Technical Hurdles and the "Wetware" Challenge
Despite the promise of biological computing, the field faces unique obstacles that traditional software companies do not. Maintaining a "wet lab" requires a different set of protocols than a standard server room. Brain cells and stem cells must be kept alive in controlled environments, requiring precise regulation of temperature, nutrients, and waste removal.
Furthermore, the "translation" process—turning the erratic electrical firing of a rat neuron into a stable, predictable software algorithm—is immensely complex. Biology is inherently "noisy" and stochastic, whereas digital computing relies on deterministic logic. TBC’s success depends on its ability to filter this biological noise and extract only the most efficient computational patterns.
There are also significant questions regarding scalability. While TBC has shown success in short-form video generation, the industry is moving toward longer, more complex outputs. Deap Ubhi of AWS raised concerns about "fidelity loss" over time. As a video progresses, a model must maintain temporal consistency—ensuring that a character’s appearance or the laws of physics remain stable from the first second to the tenth minute. Whether a biologically-derived model can maintain this consistency at scale remains to be seen as more AWS customers stress-test the technology.
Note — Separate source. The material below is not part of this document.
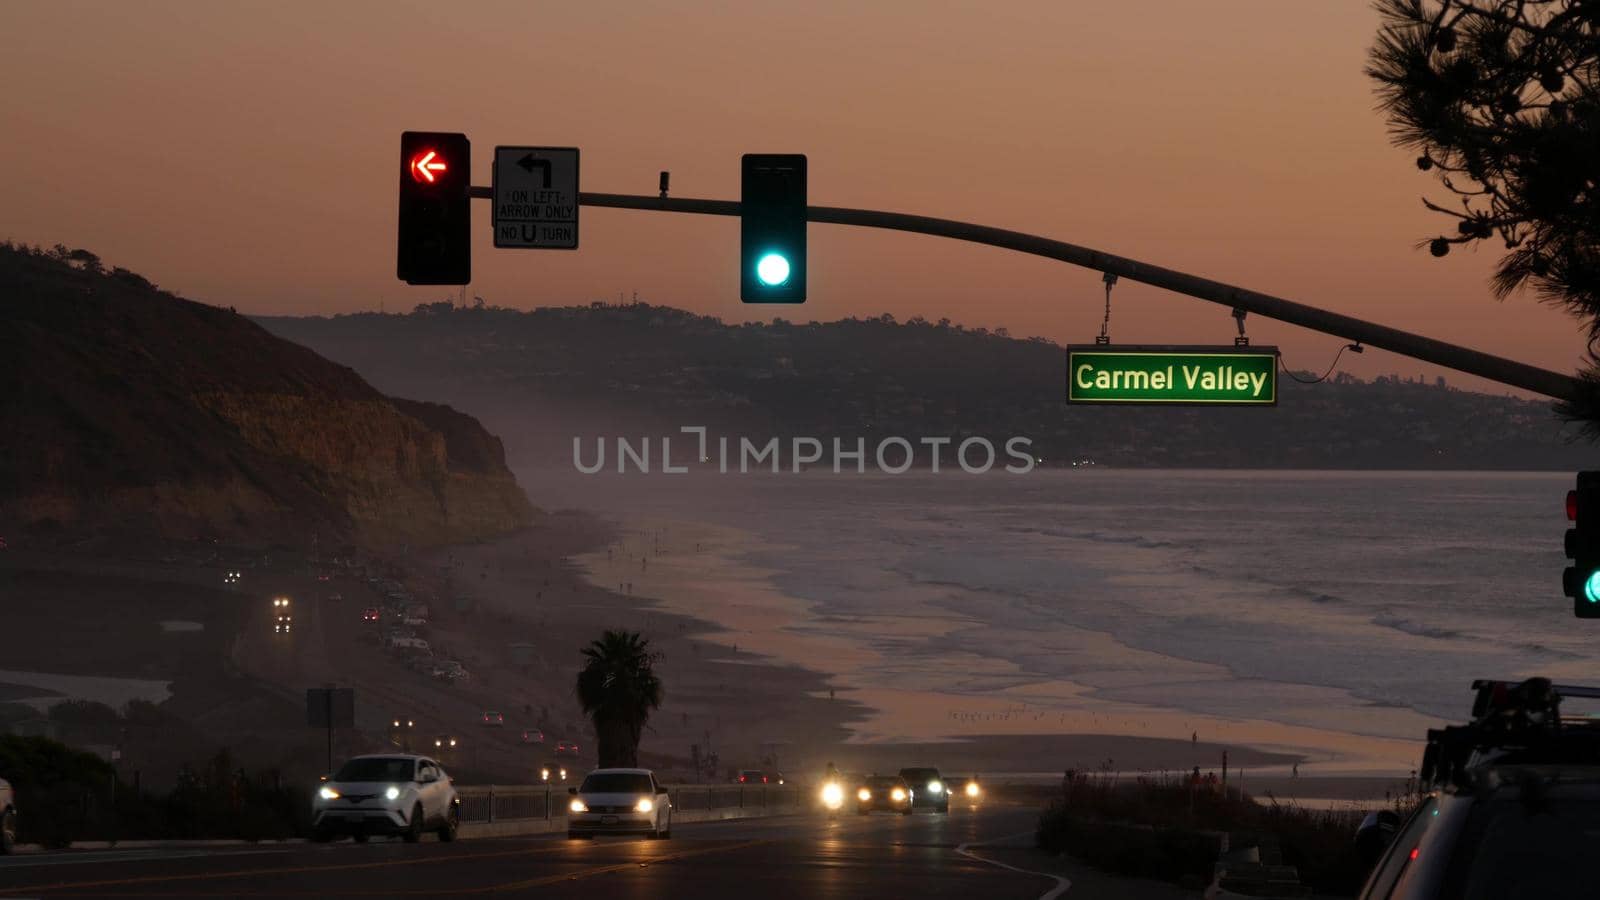 Traffic lights, pacific coast highway, California. Road trip along ocean in dusk by DogoraSun

Broader Implications for the AI Industry
The emergence of TBC and the support of Amazon reflect a growing anxiety within the tech sector regarding the sustainability of current AI trends. Traditional silicon-based AI is reaching a point of diminishing returns in terms of energy efficiency. Large data centers now consume vast amounts of electricity, leading to environmental concerns and infrastructure strain.

In contrast, the biological brain is the most energy-efficient computer known to science, operating on roughly 20 watts of power—less than a standard lightbulb—while performing tasks that would require megawatts of power for a supercomputer to replicate. By siphoning the "logic" of biology into software, companies like TBC hope to bypass the physical limitations of silicon.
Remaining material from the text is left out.